OPEC+ Policy Dilemma: Price Defense vs Market Share

OPEC’s internal tension is intensifying. While Saudi Arabia and UAE favor stability through controlled output, Iraq and Nigeria are ramping exports to counter fiscal pressure. Kazakhstan faces a $166 billion lawsuit in Swiss court involving major Western firms, potentially affecting upstream investment flow. The cartel’s fragmented compliance—hovering around 92%—weakens its ability to maintain price discipline.

As Brent stabilizes near $64, the market appears to have priced in OPEC+ inertia. Traders expect no meaningful intervention until prices threaten the $55 handle, historically the fiscal break-even for mid-tier producers.

Asia’s Demand Pulse And U.S. Dollar Correlation

China’s crude stockpiling rose sharply in October, with imports exceeding 11.6 million b/d, yet refinery runs remain flat, indicating storage accumulation rather than consumption. India continues redirecting purchases away from Russia, with Reliance Industries sourcing Kuwaiti crude instead. Meanwhile, the USD Index (DXY) climbed above 107, intensifying downward pressure on commodities priced in dollars.

Japan’s Tokyo Gas (TYO:9531) exited its Louisiana upstream assets for $255 million, marking another strategic retreat of Asian capital from U.S. shale exposure. These developments highlight how currency strength, inventory overhang, and investor repositioning are collectively suppressing crude upside.
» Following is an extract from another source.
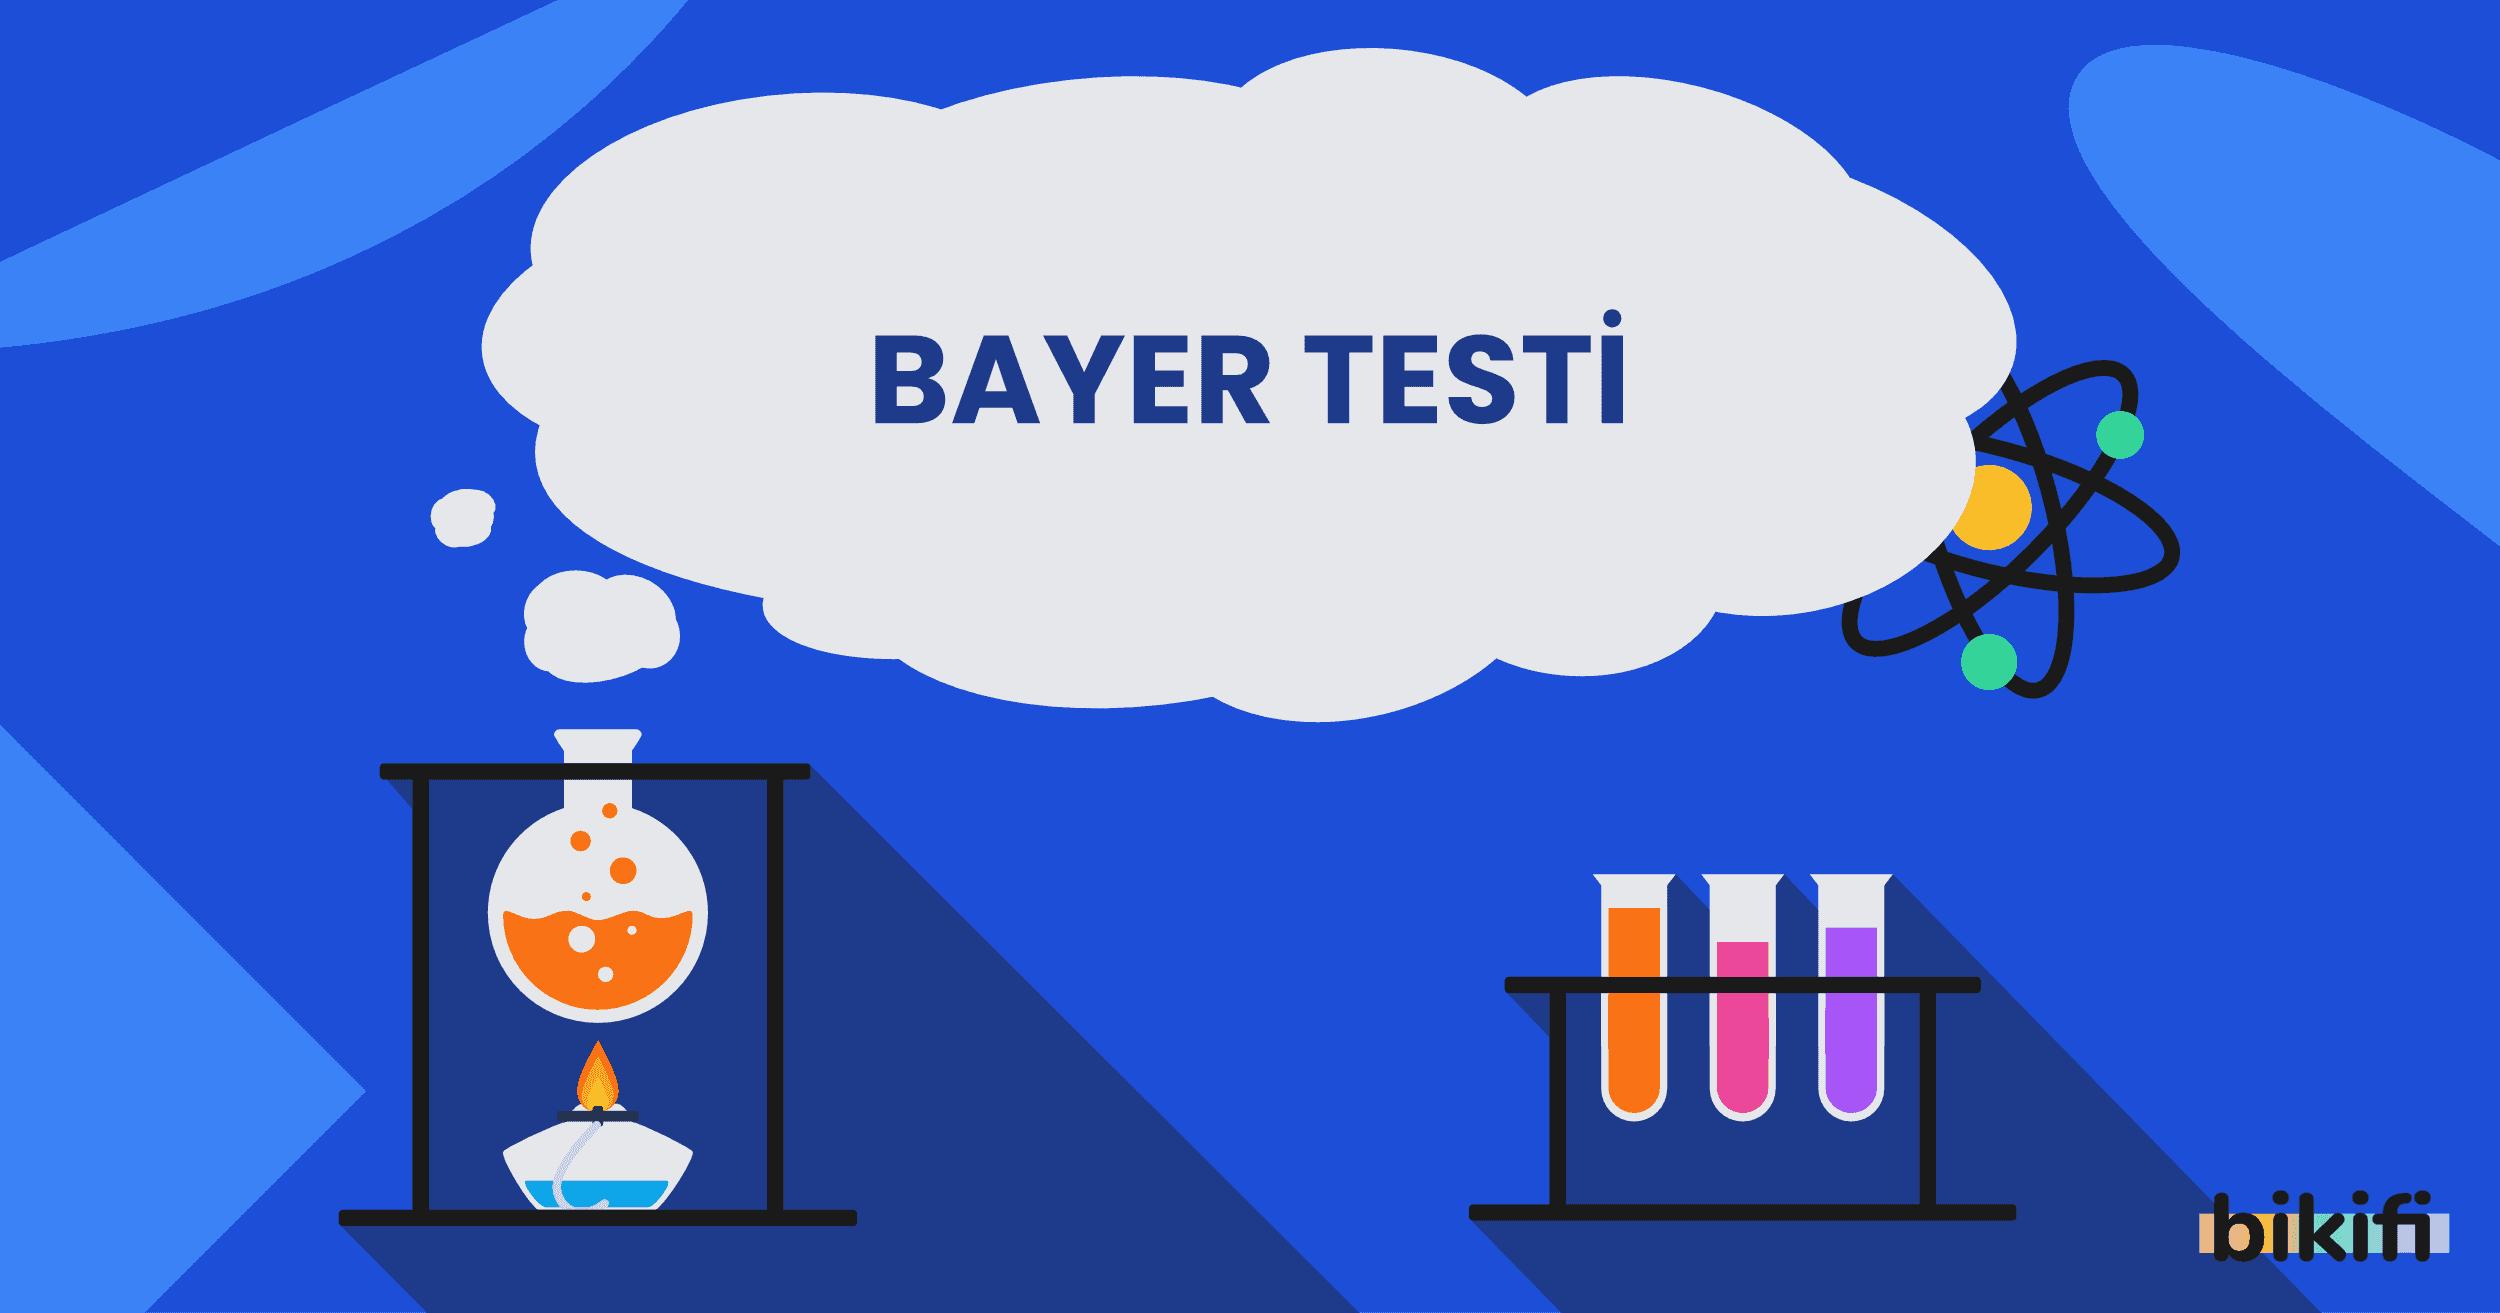 Bayer Testi

Key Industrial And Regulatory Shifts Reshape Energy Landscape

TotalEnergies’ Corsica fine by France’s Competition Authority over fuel depot access—now under appeal—illustrates regulatory scrutiny expanding beyond carbon emissions into logistics and pricing transparency. Simultaneously, the Trump administration’s 12.5% Gulf royalty announcement triggered political friction, reinforcing the administration’s pivot toward traditional hydrocarbon development.

This regulatory complexity, coupled with Europe’s refinery closures, accelerates deindustrialization risk, as ExxonMobil confirmed the shutdown of its Fife ethylene plant in Scotland by early 2026, citing policy-induced uncompetitiveness.
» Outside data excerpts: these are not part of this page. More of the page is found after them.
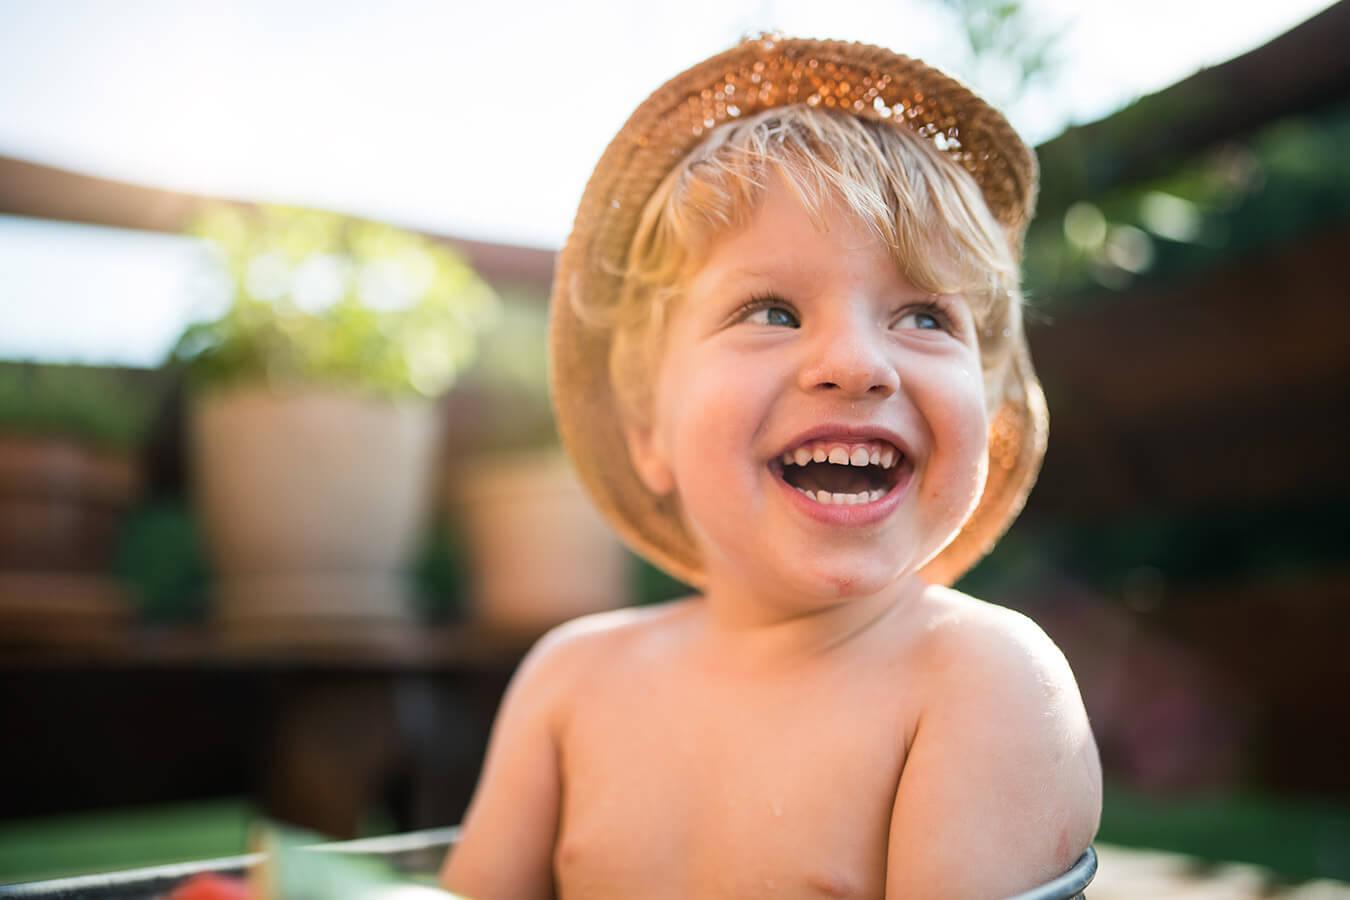 Powiększone sutki u chłopców – przyczyny, objawy, leczenie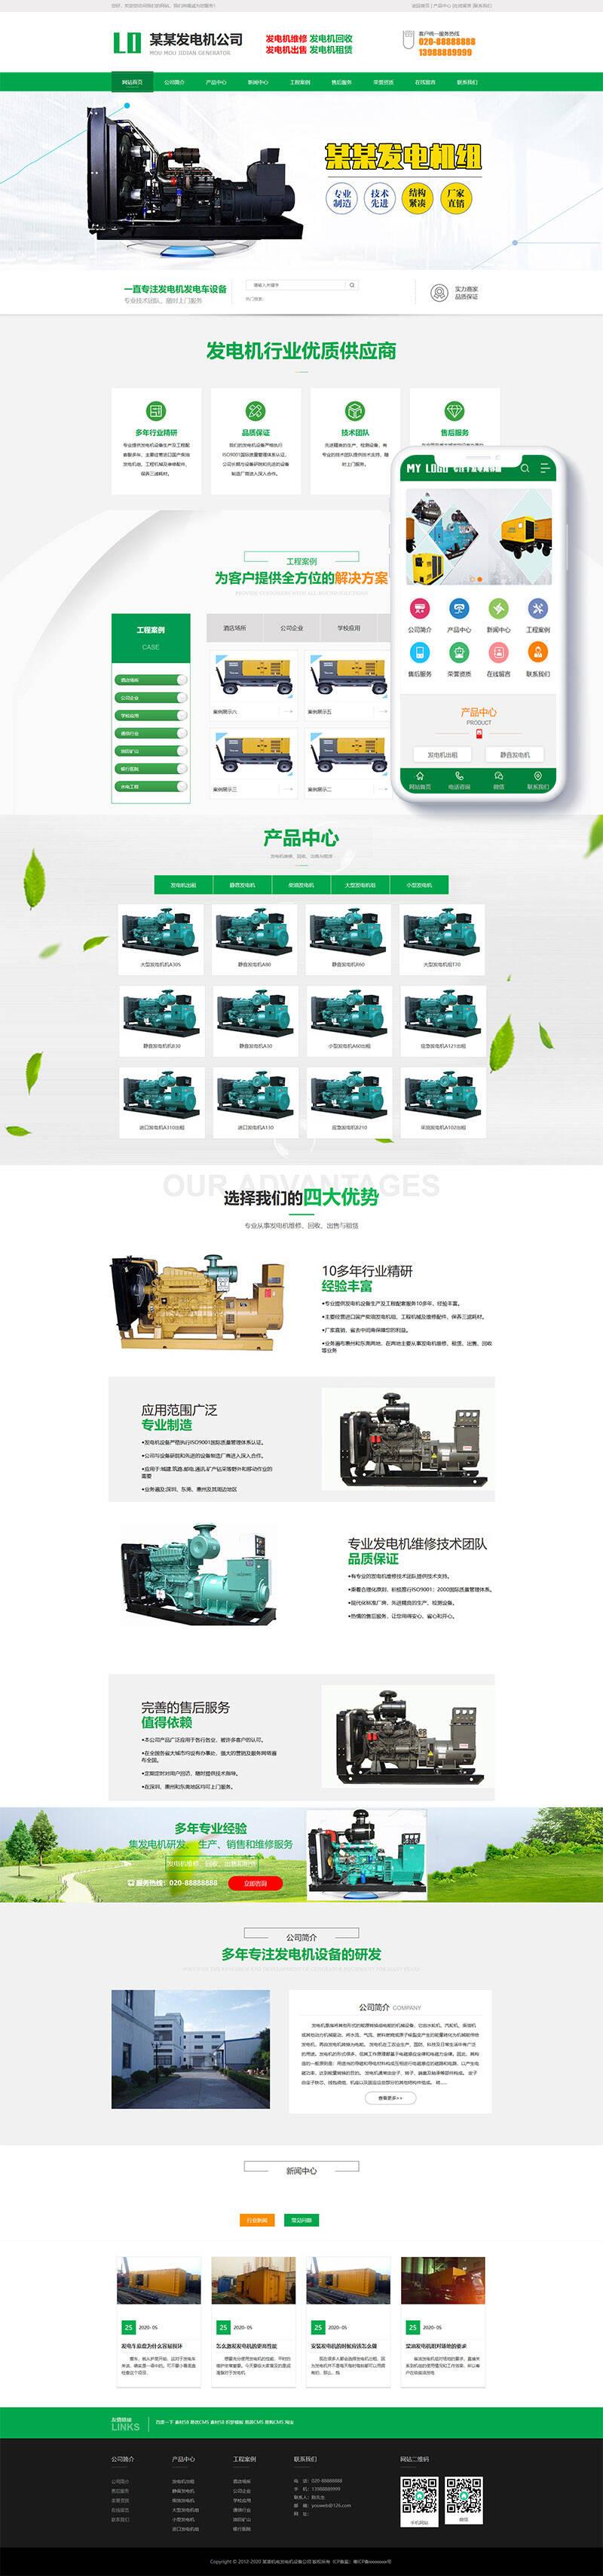 营销型设备类网站源码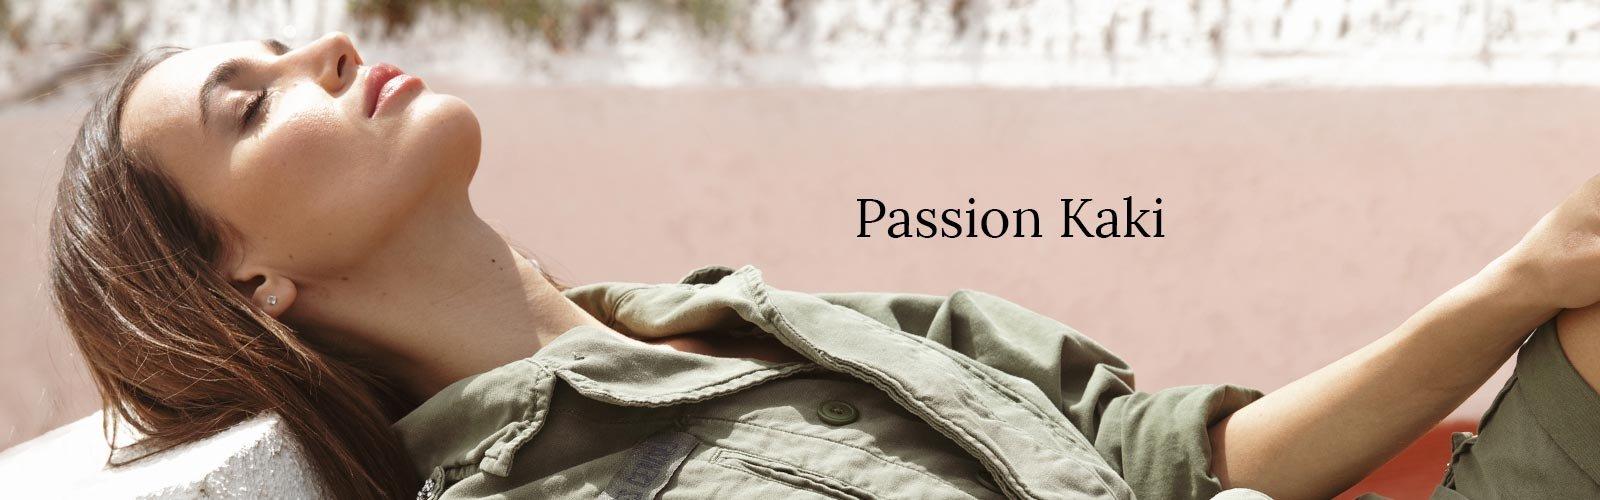 Passion Kaki

TradingNews Verdict: Crude Oil (CL=F, BZ=F) – Hold With Downside Bias Until 2026 Rebalance

The combination of swelling inventories, muted OPEC+ action, and an unstoppable wave of non-OPEC supply caps any sustained rebound. WTI (CL=F) at $60.11 and Brent (BZ=F) at $64.23 reflect markets trapped between macro oversupply and intermittent geopolitical jolts. Short-term volatility is likely around the Rosneft/Lukoil sanctions window, but structural bearish fundamentals dominate.
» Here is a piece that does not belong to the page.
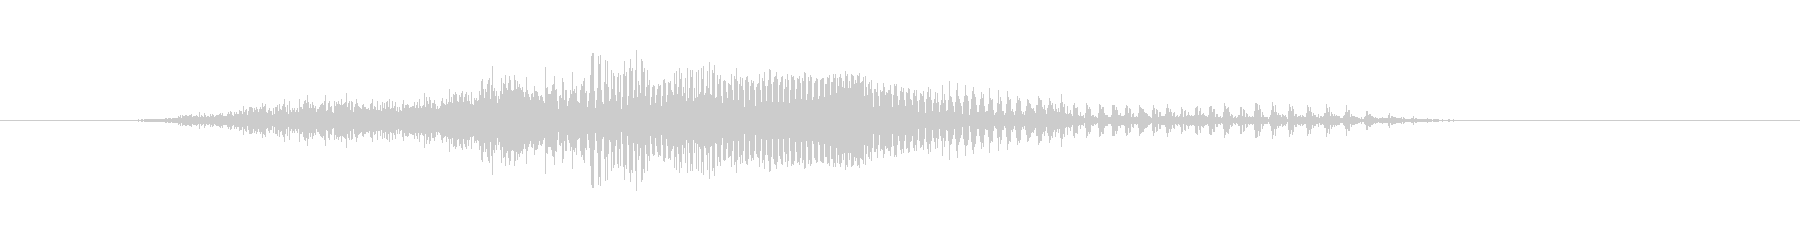 せいっ!! - 男性和風掛け声の未再生の波形

Unless inventory draws or production cuts emerge by Q1 2026, crude remains range-bound with a downside bias toward $56–$58 for WTI and $62–$63 for Brent. Long-term equilibrium may not return until late 2026, when OPEC+ and U.S. shale self-correct through lower capex. For now, the TradingNews stance is Hold, with caution toward bearish risk as the global glut deepens.